# Up At The O2



## Silver Hawk (Dec 2, 2003)

Anyone else done it? :huh:

Our booking was for today at 13:20 and the weather could not have been better; great time had by all :yes:. They are pretty strict about what you can take up, so mobile phone photos only.










Olympic Park is in the distance between the building with the two brown vertical stripes:










The walkway...and it is a 30 degree drop towards the end back to ground level:










Out guide with the yellow straps:










That's the Emirates Air Line between the two masts. We had intended to do that as well but ran out of time:


----------



## Roger the Dodger (Oct 5, 2009)

Looks like you both had a great day, Paul.

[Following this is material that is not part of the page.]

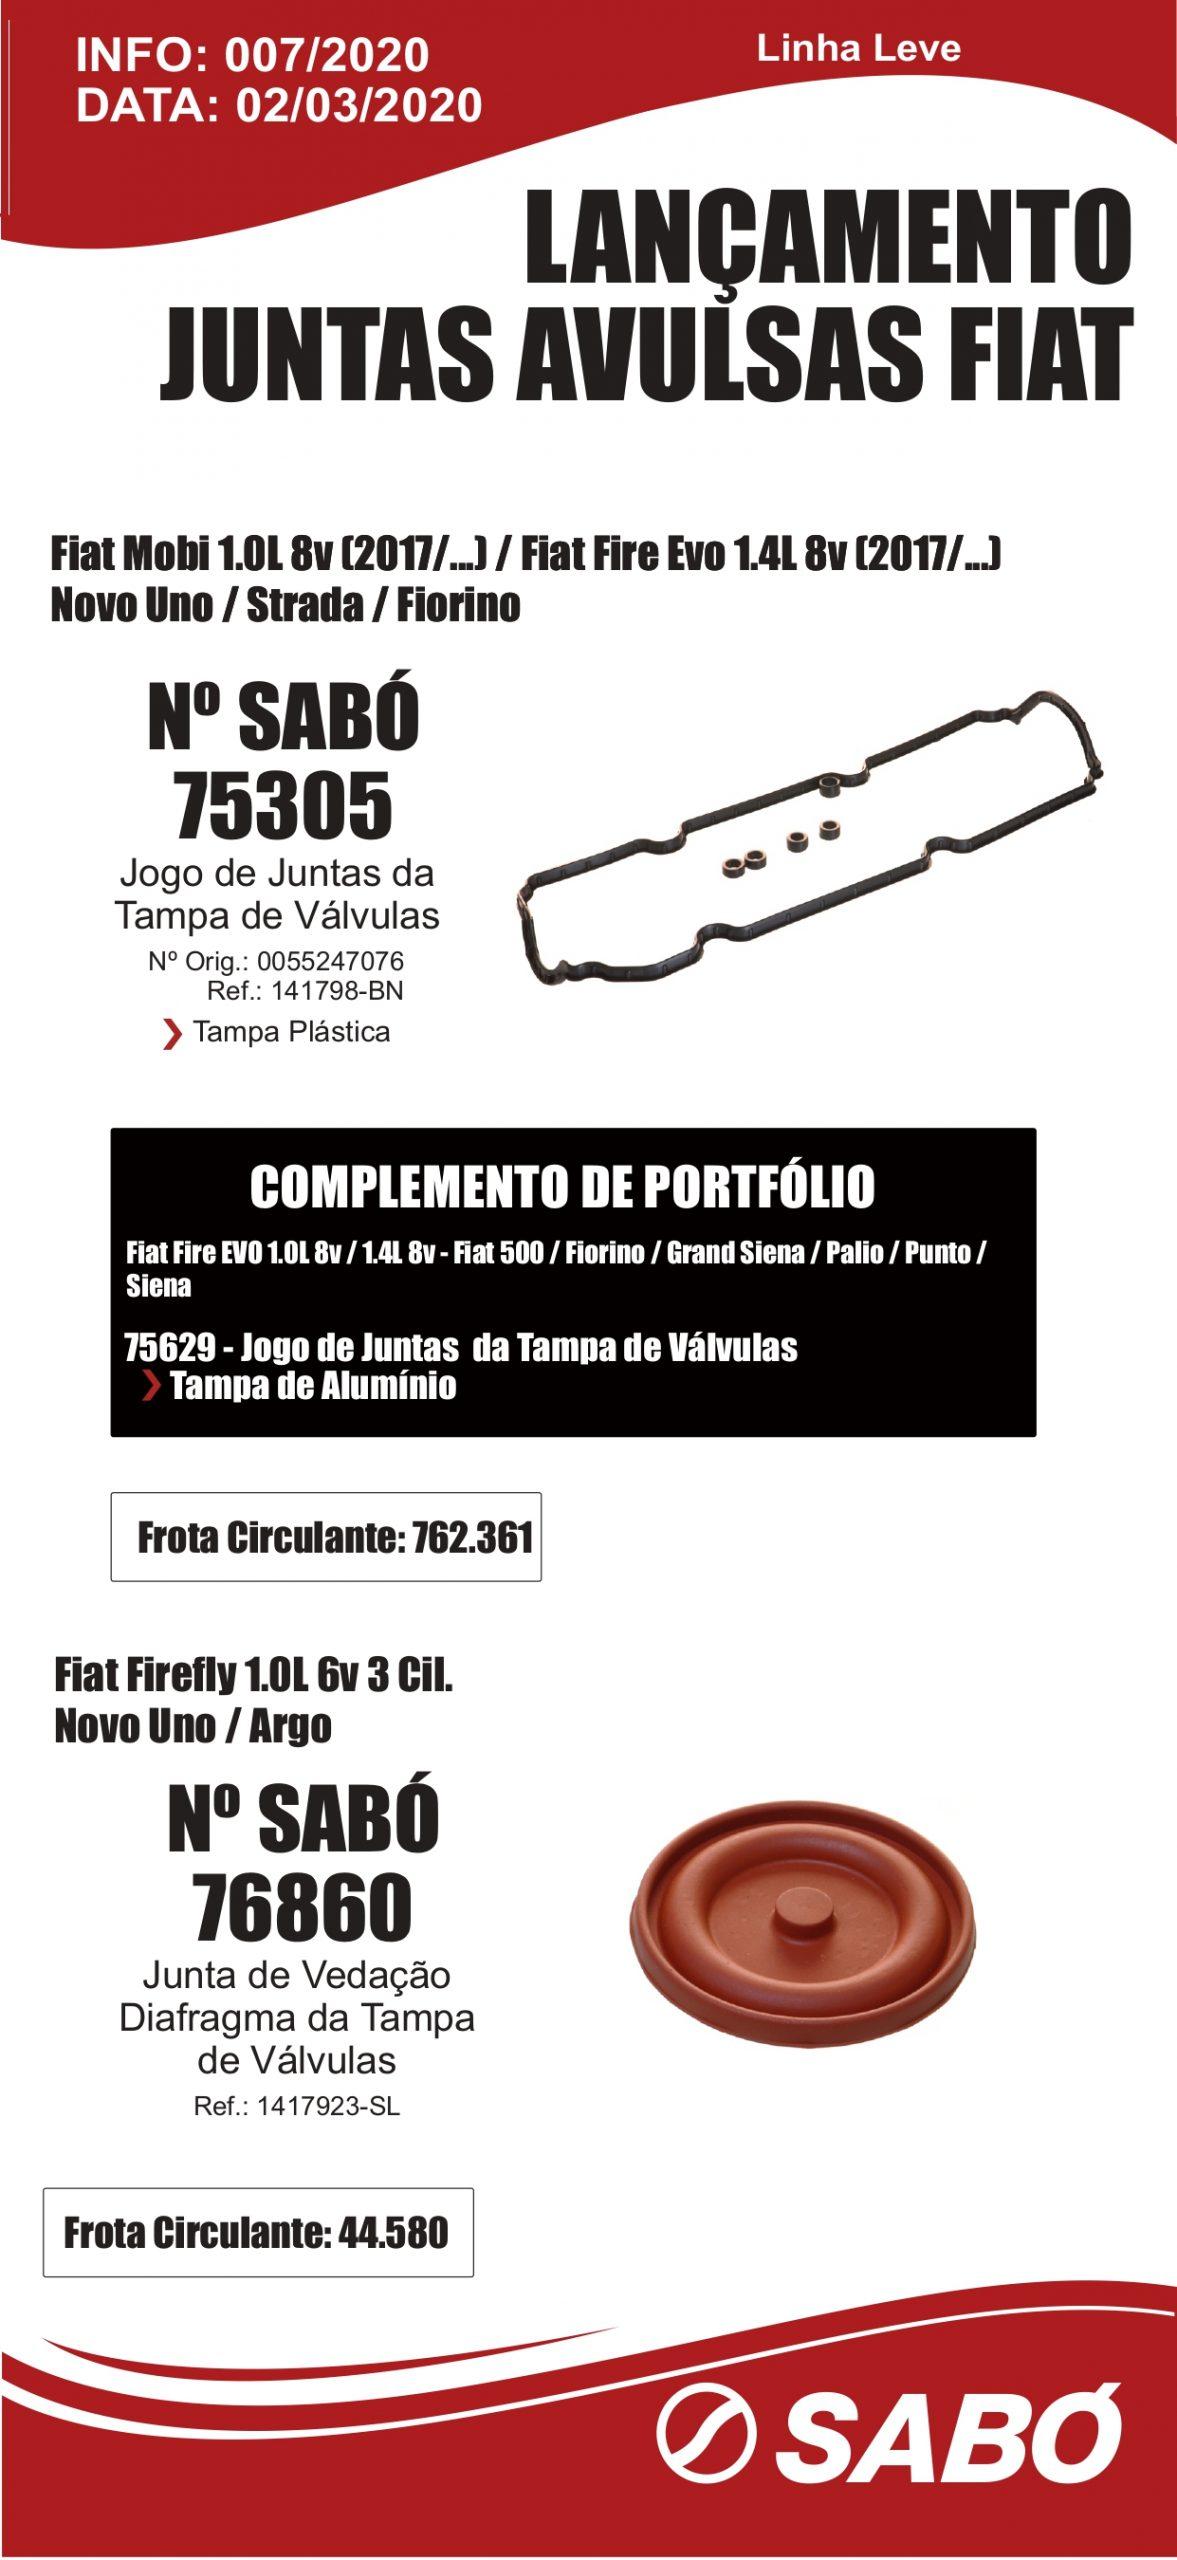 Info_007__Juntas_Avulsas_Fiat_page-0001

Some stunning views there. :thumbsup:


----------



## martinus_scriblerus (Sep 29, 2008)

Silver Hawk said:


> Anyone else done it? :huh:
> 
> Our booking was for today at 13:20 and the weather could not have been better; great time had by all :yes:. They are pretty strict about what you can take up, so mobile phone photos only.


*Paul: Is that your daughter that you are with?*


----------



## Silver Hawk (Dec 2, 2003)

martinus_scriblerus said:


> *Paul: Is that your daughter that you are with?*


 

No...thank goodness...that would have ruined the day (she'd much rather be with her friends than with her parents).


----------